Publication: Can We Push the “Quasi-Perfect Artifact Rejection” Even Closer to Perfection?

This short technical paper was originally written to an opinion paper to ZapLine paper.

https://www.sciencedirect.com/science/article/pii/S1053811919309474

Therefore, the title makes sense only in that context. However, because the submission was rejected, now it does not make much sense. One of the coauthors pointed it out to me only after publishing the paper.

Journal page

https://www.ncbi.nlm.nih.gov/pmc/articles/PMC7873913/

The point of this paper is that even though ZapLine is an amazing line-noise reduction solution by itself, as the original author called it ‘quasi-perfect’ in the highlight points, there is actually an easy way to improve the performance. That is, to apply CleanLine after ZapLine. Why can I predict it?
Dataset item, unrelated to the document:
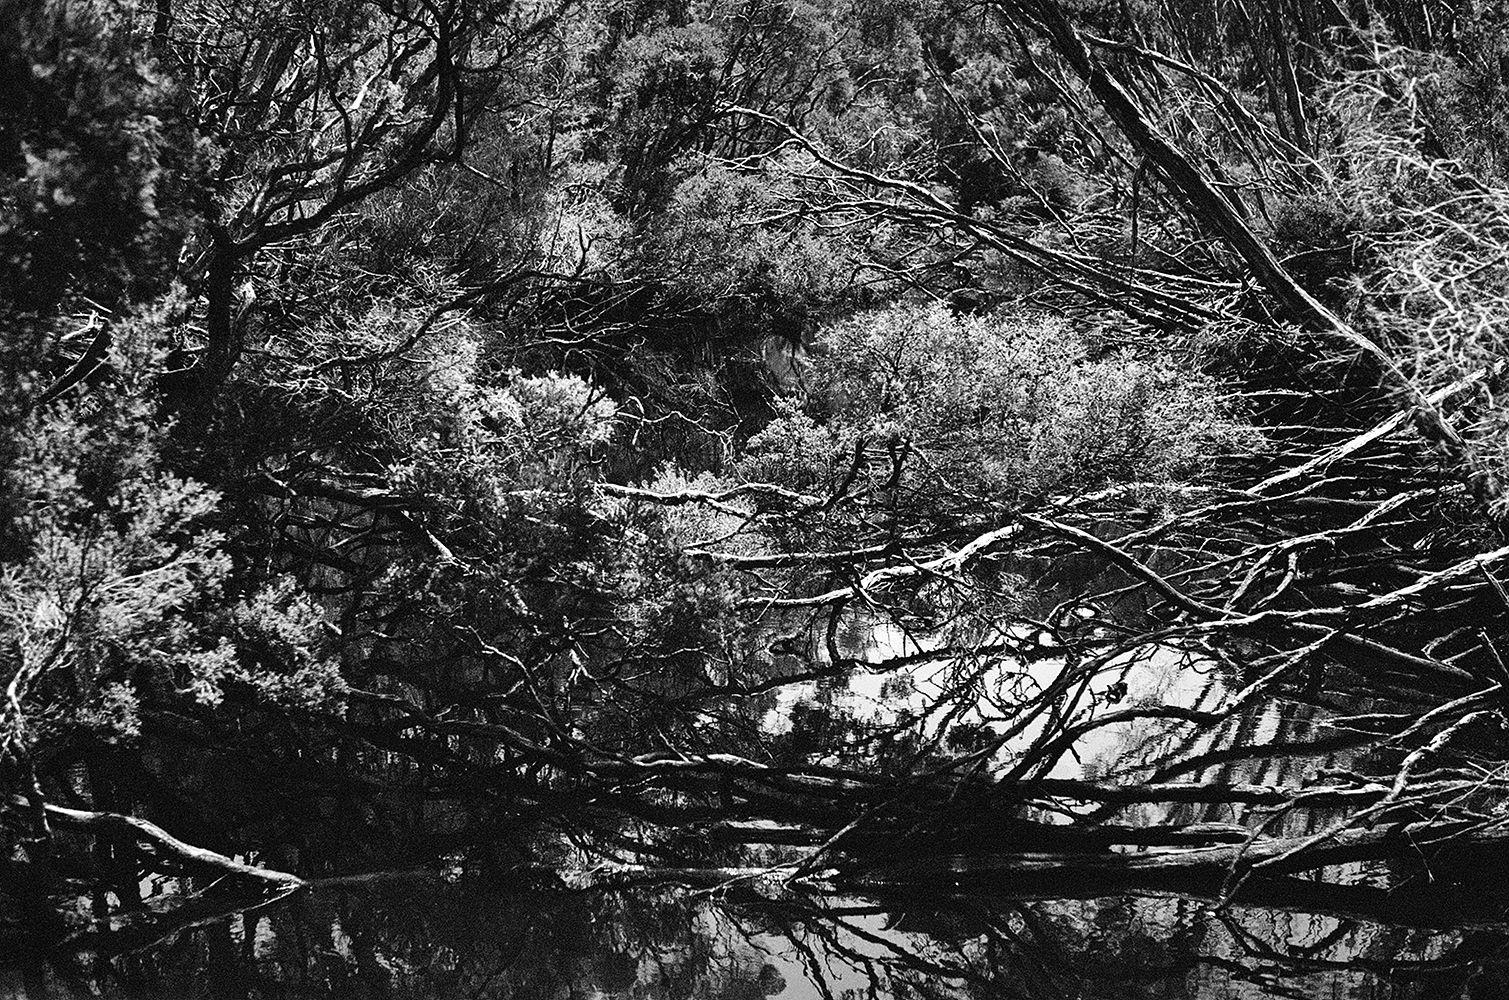 black and white photo of Wilson's prom bushland

It is because ZapLine is a spatial filter method, while CleanLine is a non-stationary method in the time domain.

One of the reviewers said this is not worth a paper because there is no novel finding or development. Yes, it has a good point. But at the same time I believe that sharing this idea supported by an insight and evidence is also an important part of scientific communication.

By the way, the original author of ZapLine, Alain de Cheveigné kindly helped me to write this paper, although I was teasing his phrase ‘quasi perfect’ in the manuscript. I deeply appreciate his generousity!